Le jeu de Donald Trump est de pousser chez lui la Bourse, en la concentrant auprès du fameux «1 % de la population», et de creuser l’écart avec les autres Bourses, de façon à faire des Etats-Unis le lieu le plus attirant du monde. Mais cette course à la valorisation boursière, conjuguée à la diminution du nombre d’actionnaires, est doublement risquée. La Fed va continuer à monter ses taux au moment où l’économie mondiale ralentit, du fait des batailles douanières, et une nouvelle inflation va naître aux Etats-Unis, là aussi à cause de ces batailles douanières. Pour le moment, chacun continue ses jeux de hausses et de représailles. En montant, la Bourse américaine domine la politique monétaire. Mais attention au retour de bâton chinois. La Chine va faire des efforts de productivité, pour moins ressentir les taxes douanières américaines. Les producteurs informatiques chinois vont partout vendre moins cher, Huawei en tête. Apple va finir par souffrir, comme Amazon, Qualcomm, Microsoft ou Facebook.

Alors, si les vedettes de la Bourse américaine chutent, tandis que, en retard, les salaires américains montent, et l’inflation avec, que fera Jerome Powell à la Fed ? Suivra-t-il Wall Street (et le souhait de Trump) en cessant de monter les taux, ou son mandat en les montant? Sacrée «domination boursière» !

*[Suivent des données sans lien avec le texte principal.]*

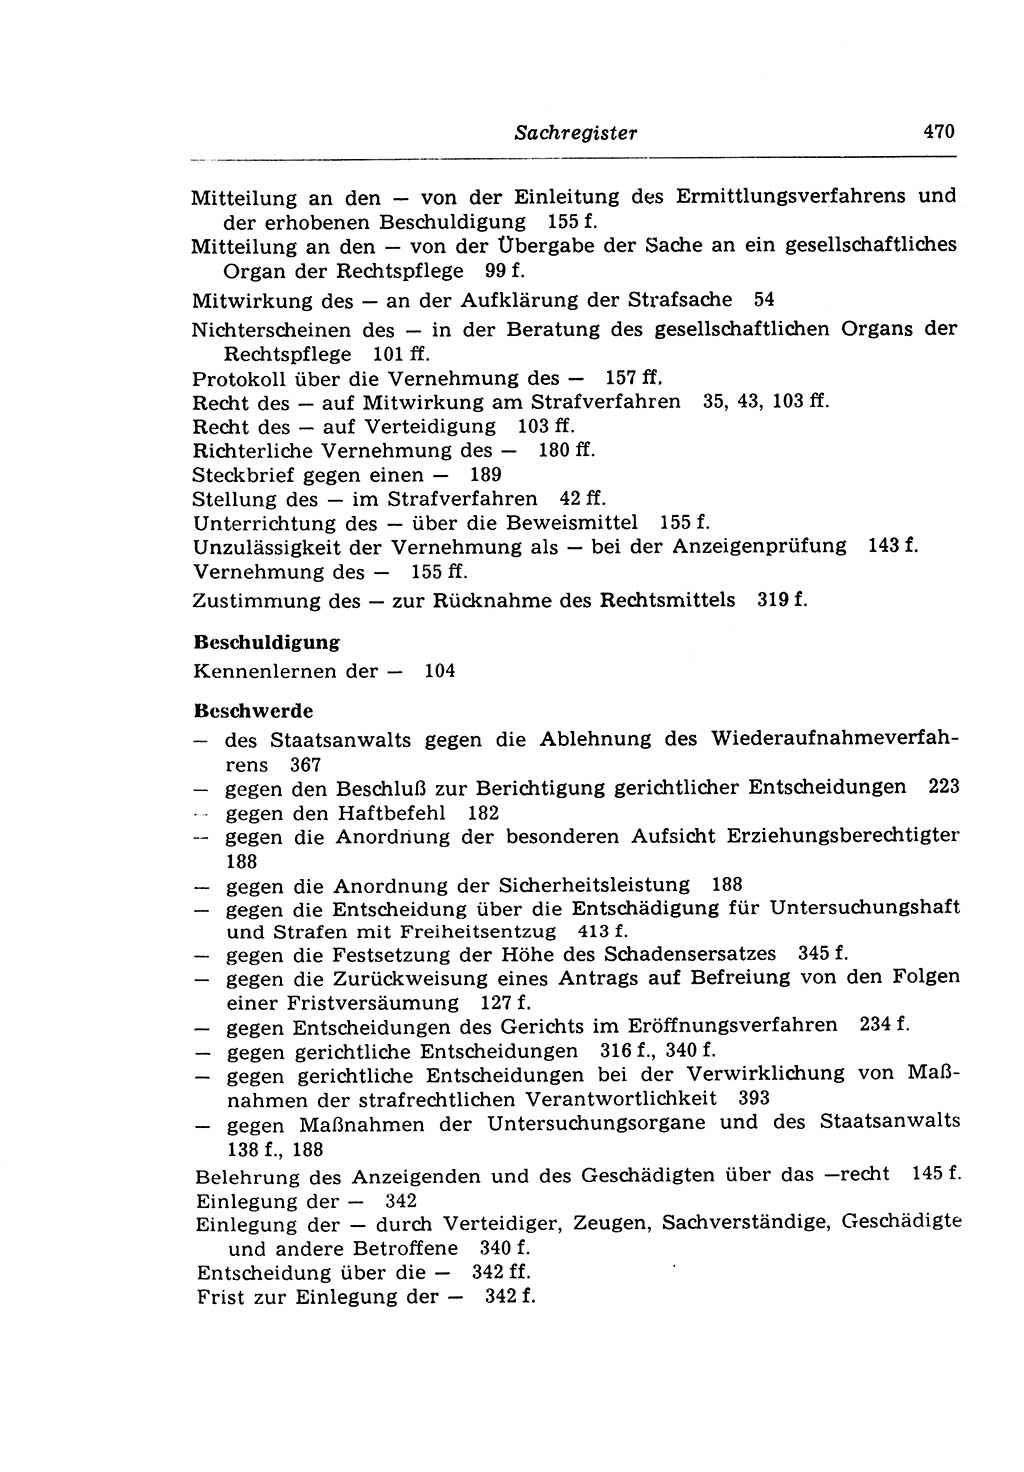 Strafprozeßrecht der DDR (Deutsche Demokratische Republik), Lehrkommentar zur Strafprozeßordnung (StPO) 1968, Seite 470 (Strafprozeßr. DDR Lehrkomm. StPO 19688, S. 470)

Jean-Paul Betbèze Professeur émérite de l’université Panthéon Assas ,  Panthéon Assas

Jean-Paul Betbèze, économiste, diplômé d’HEC, docteur d’Etat agrégé de sciences économiques. Il a commencé sa carrière dans l’enseignement en tant que professeur d’université, notamment à Paris II-Panthéon Assas à partir de 1987. Entré en 1986 comme directeur d’études au Centre de recherche pour l’étude et l’observation des conditions de vie (Credoc), il rejoint trois ans plus tard le Crédit Lyonnais comme directeur des études économiques et financières, puis en 1995, comme directeur de la stratégie. En 2003, il est promu conseiller du président et du directeur général de Crédit Agricole, puis directeur des études économiques et chef économiste. Il a crée sa propre structure de conseil en 2013. Membre du Cercle des économistes.